Task requirements: Word for word, write the lines below out again, with no pictures.

Given data:
□ □ □ □ □ □ □

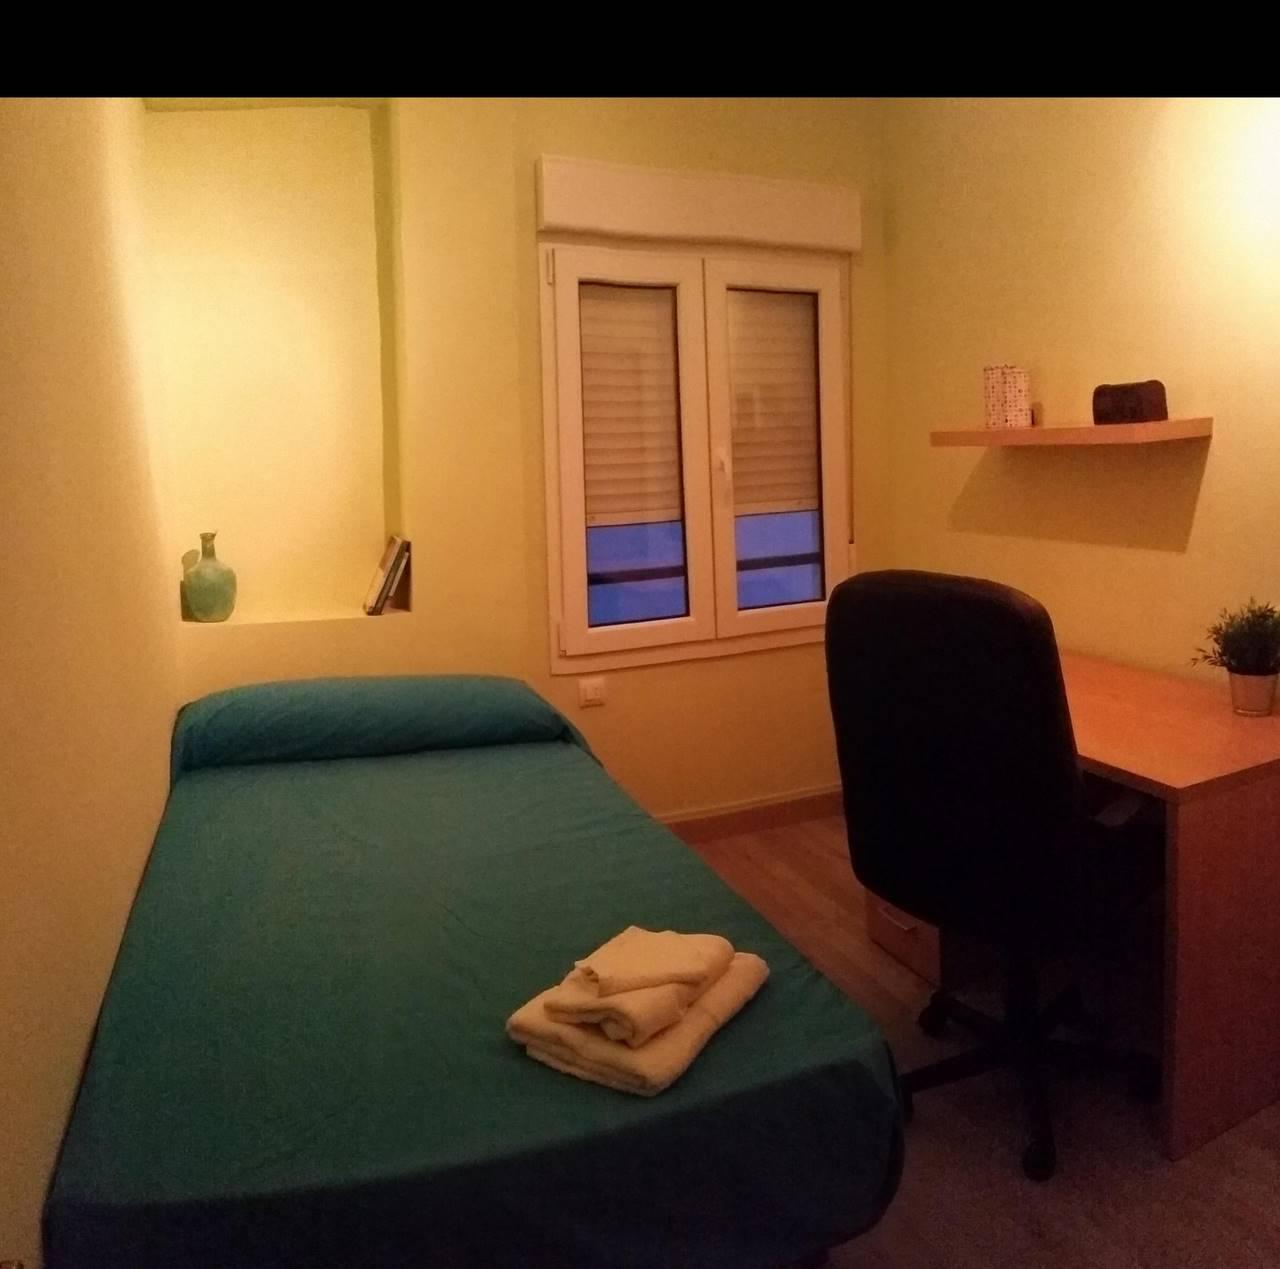 Apartamento para vacaciones Gijón, Asturias
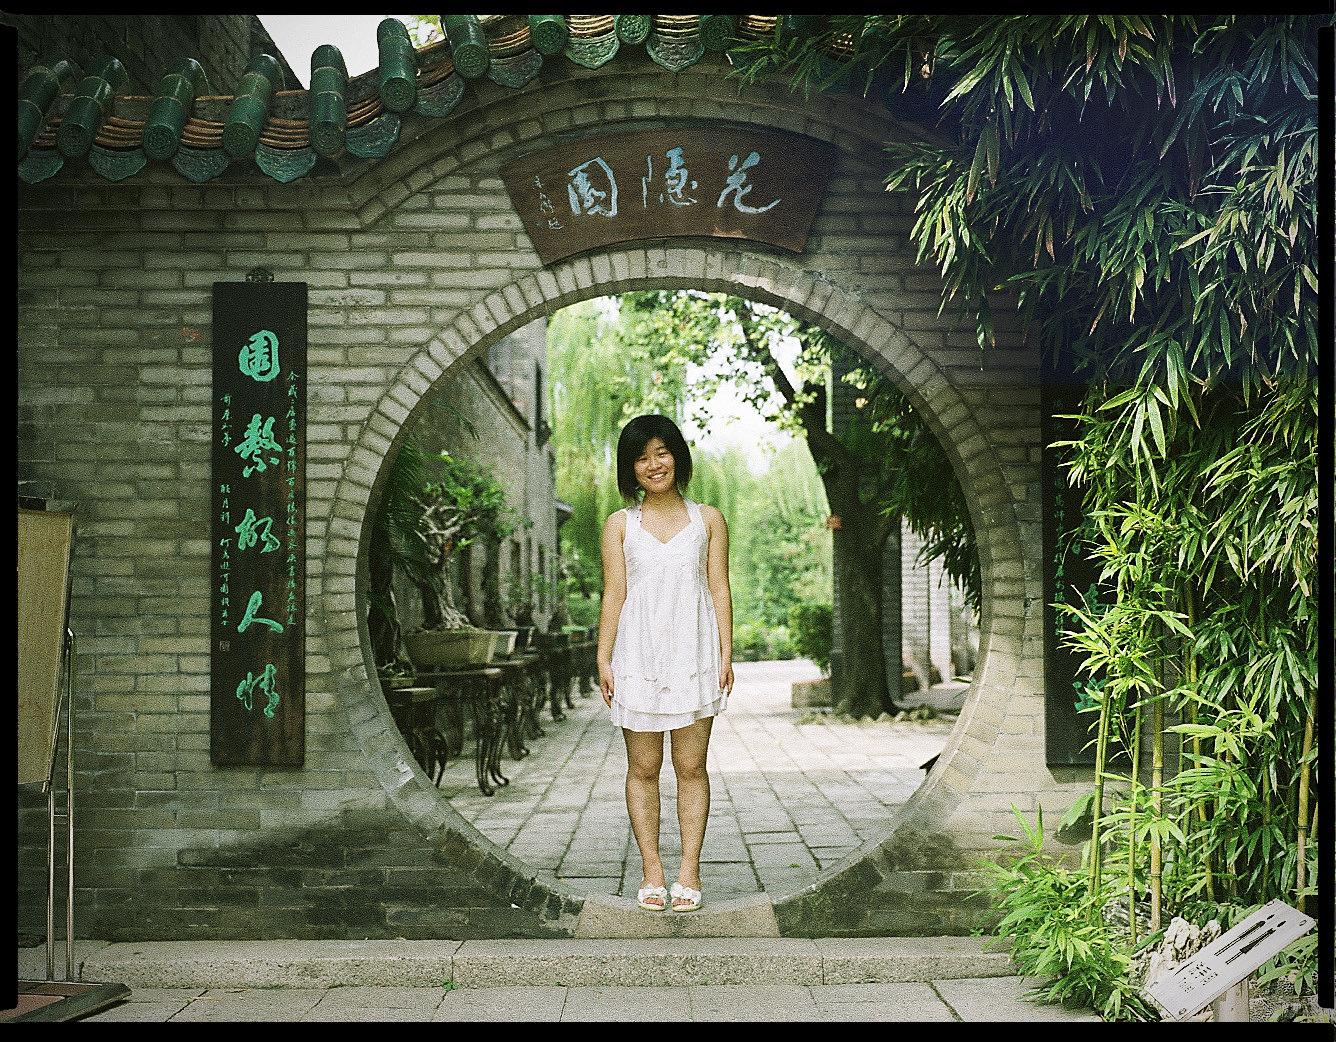 MediumFormatPatrikWallner_Gongguan_GirlInCircleLOWQ
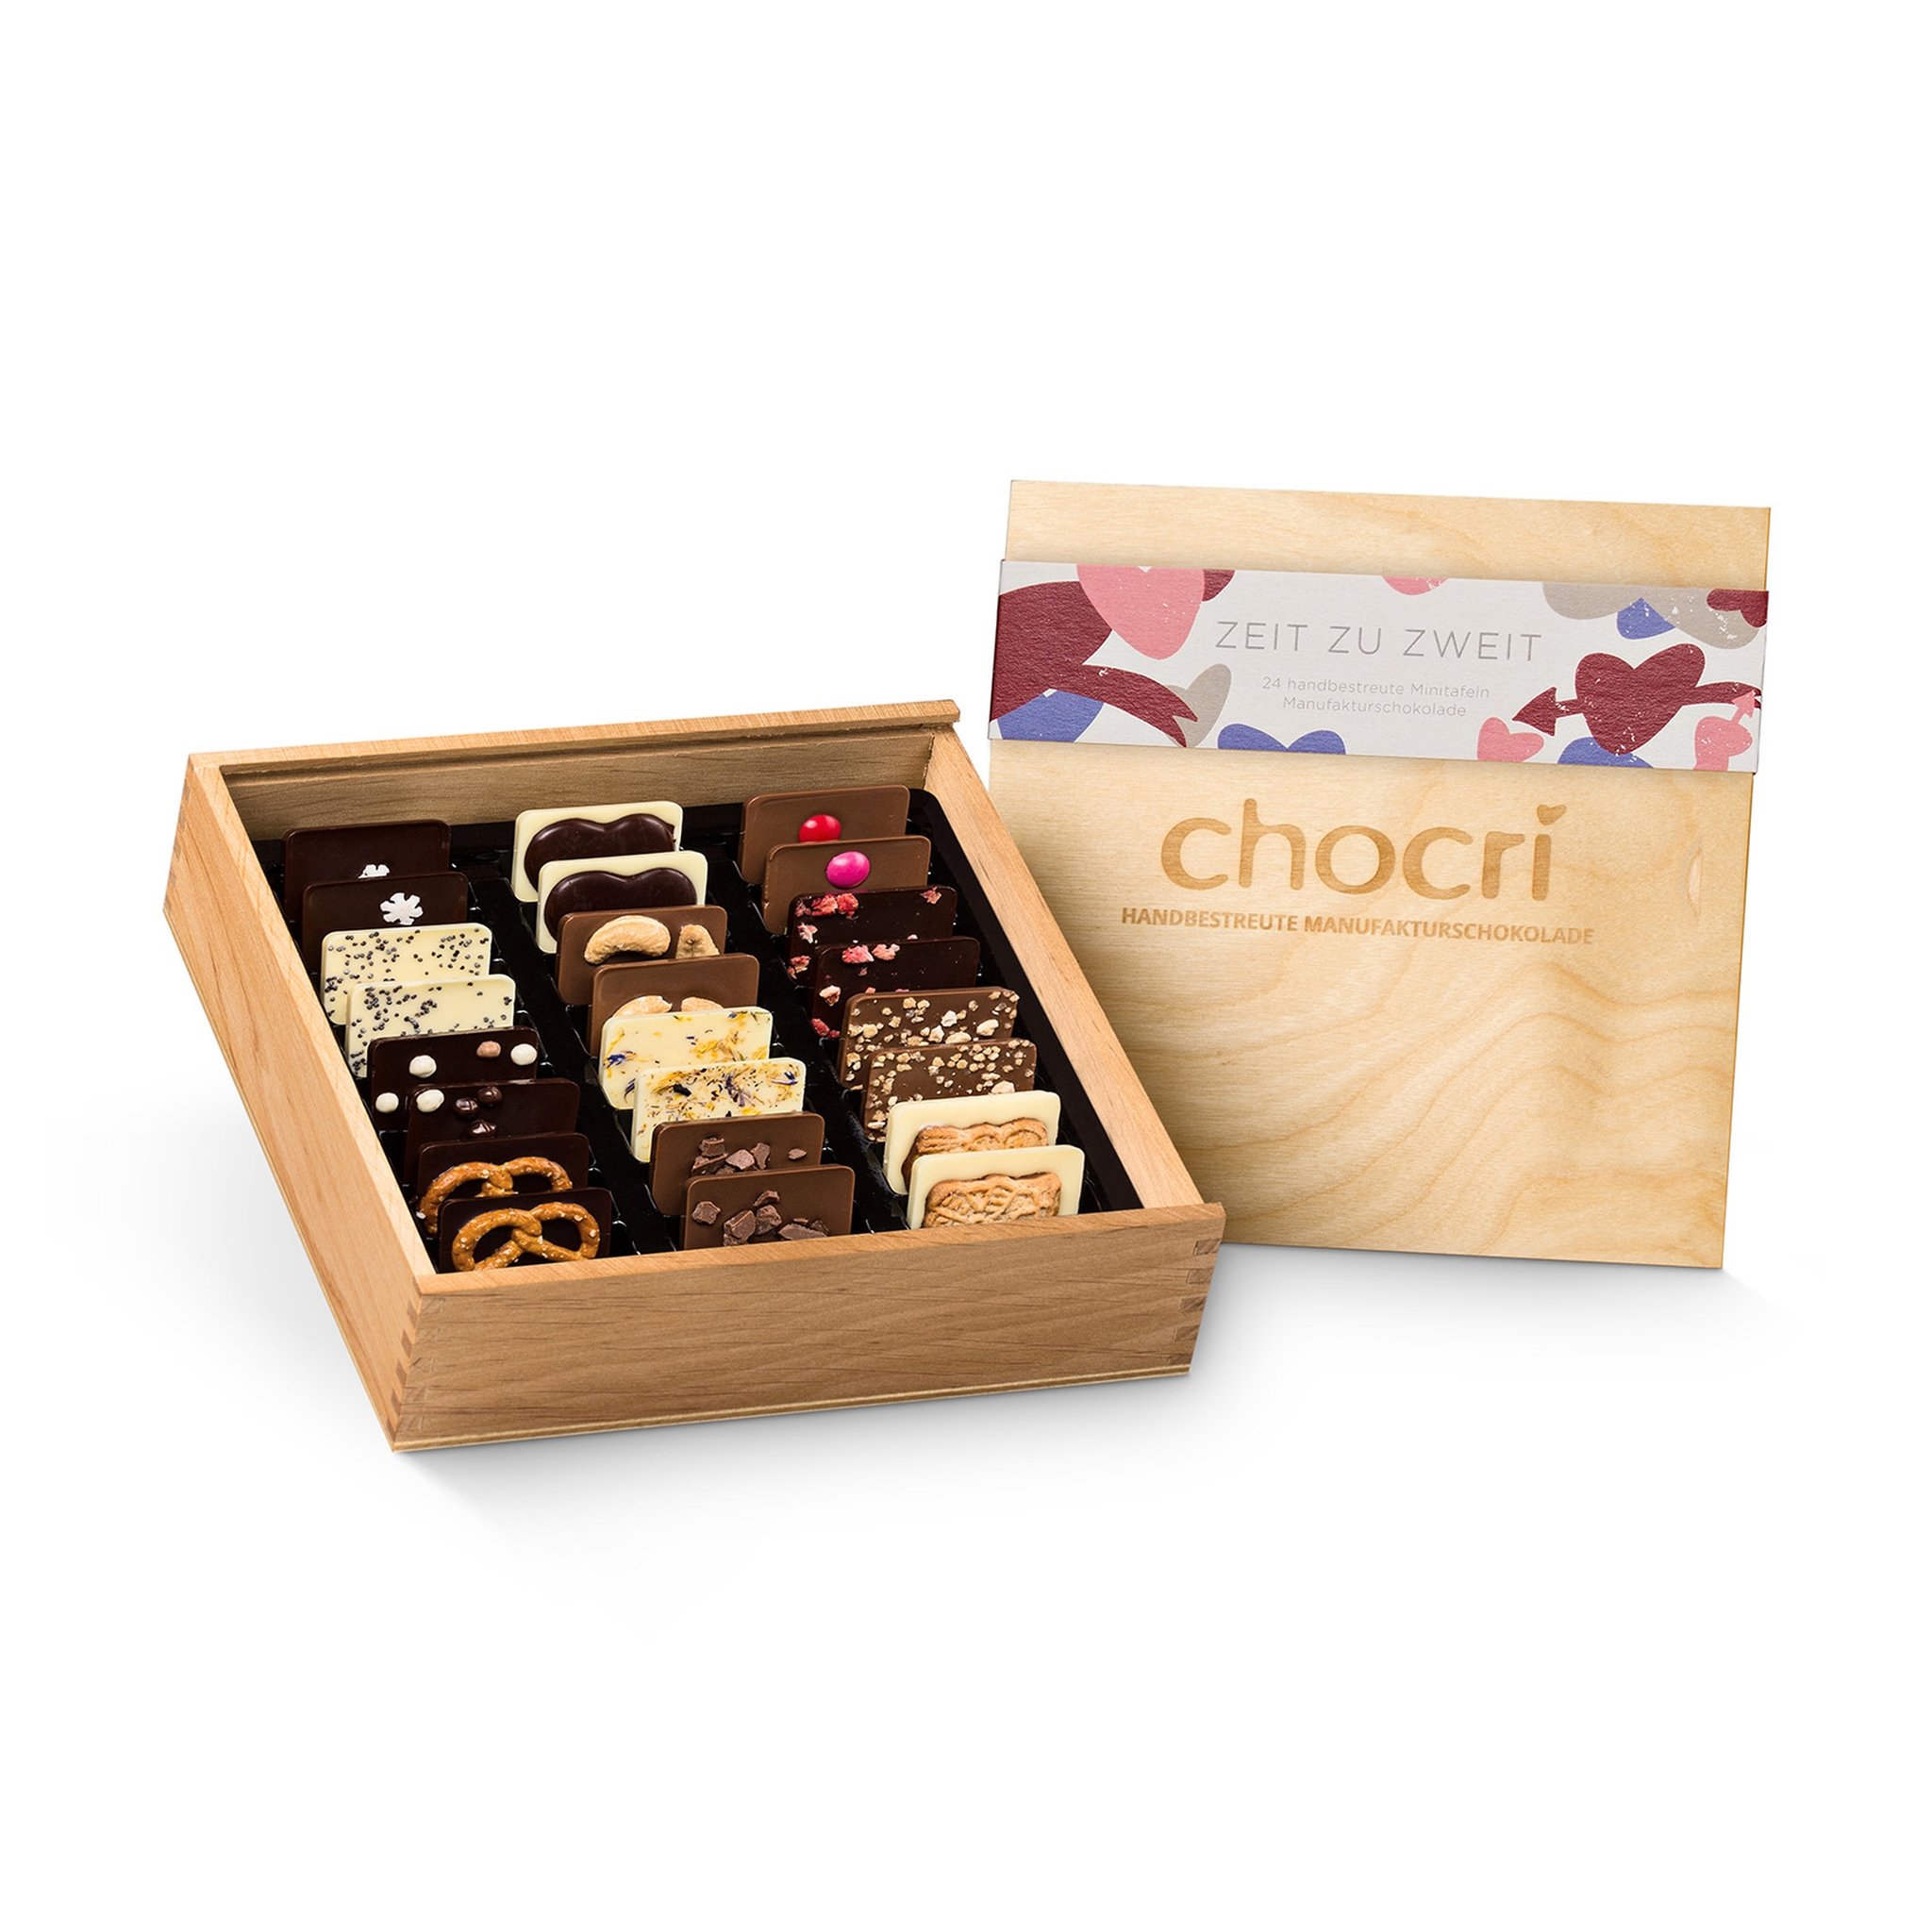 - chocri Weltreise® 'Zeit zu zweit' in edler Holz Box - Onlineshop Chocri
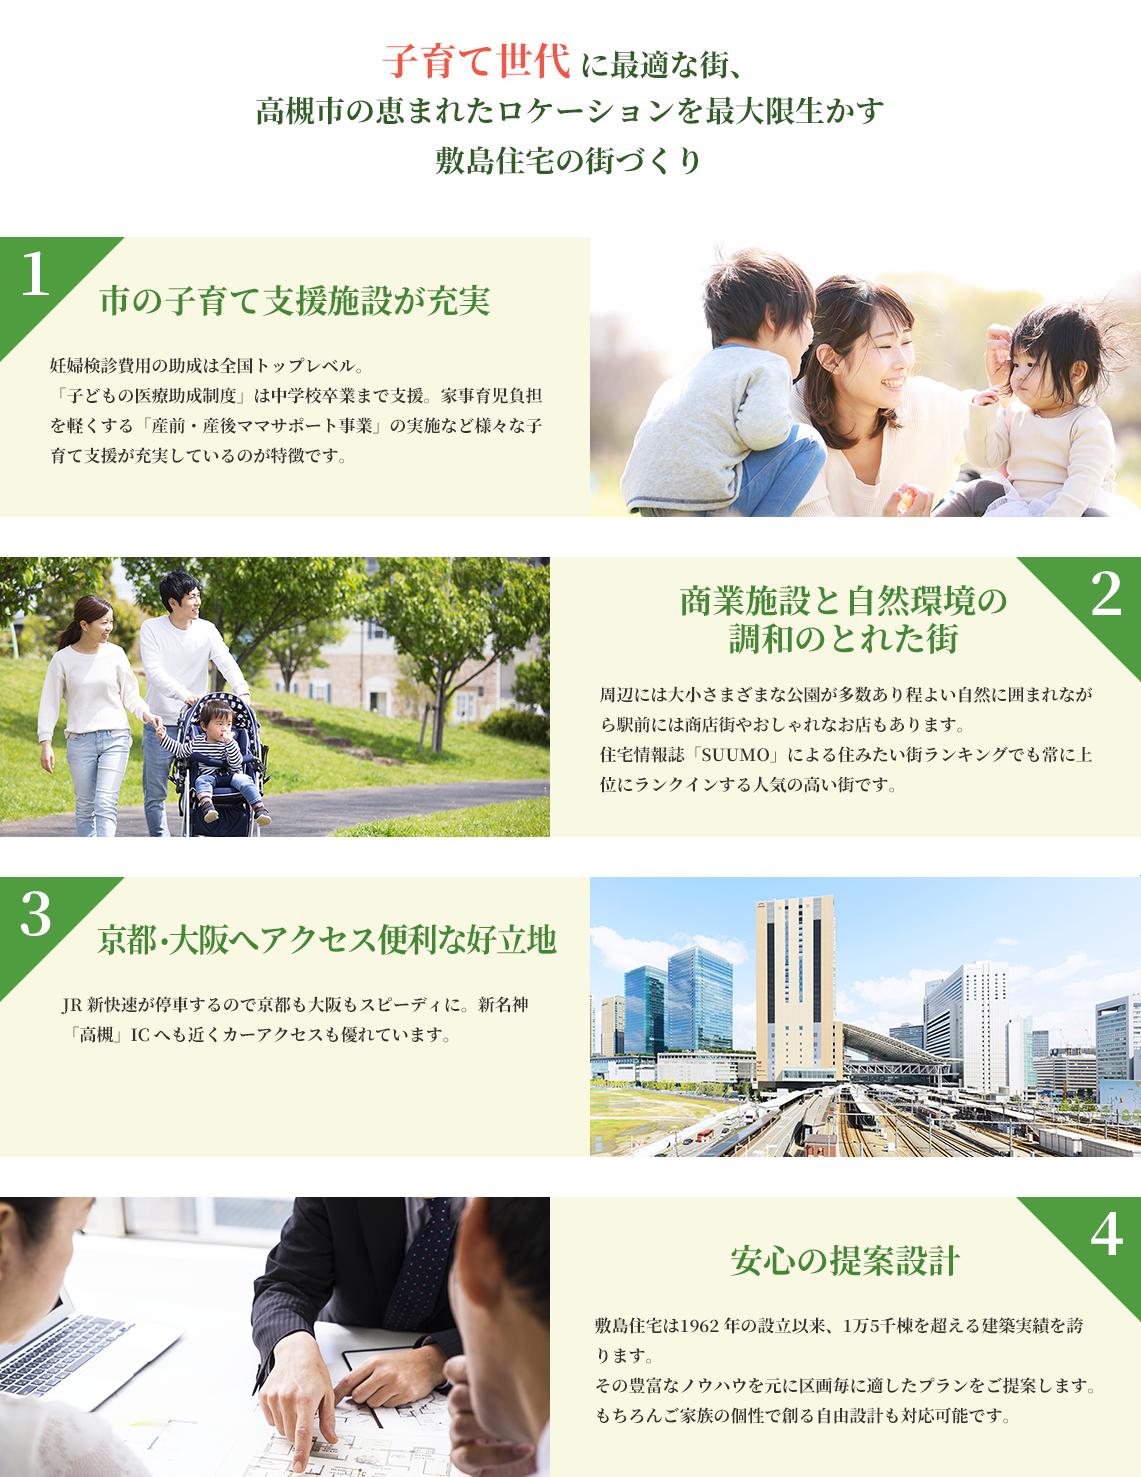 子育て世代 に最適な街、 高槻市の恵まれたロケーションを最大限生かす 敷島住宅の街づくり

□ □ □ □ □ □ □

Response box:
 Apartamento para vacaciones Gijón, Asturias
 MediumFormatPatrikWallner_Gongguan_GirlInCircleLOWQ
 - chocri Weltreise® 'Zeit zu zweit' in edler Holz Box - Onlineshop Chocri
 子育て世代 に最適な街、 高槻市の恵まれたロケーションを最大限生かす 敷島住宅の街づくり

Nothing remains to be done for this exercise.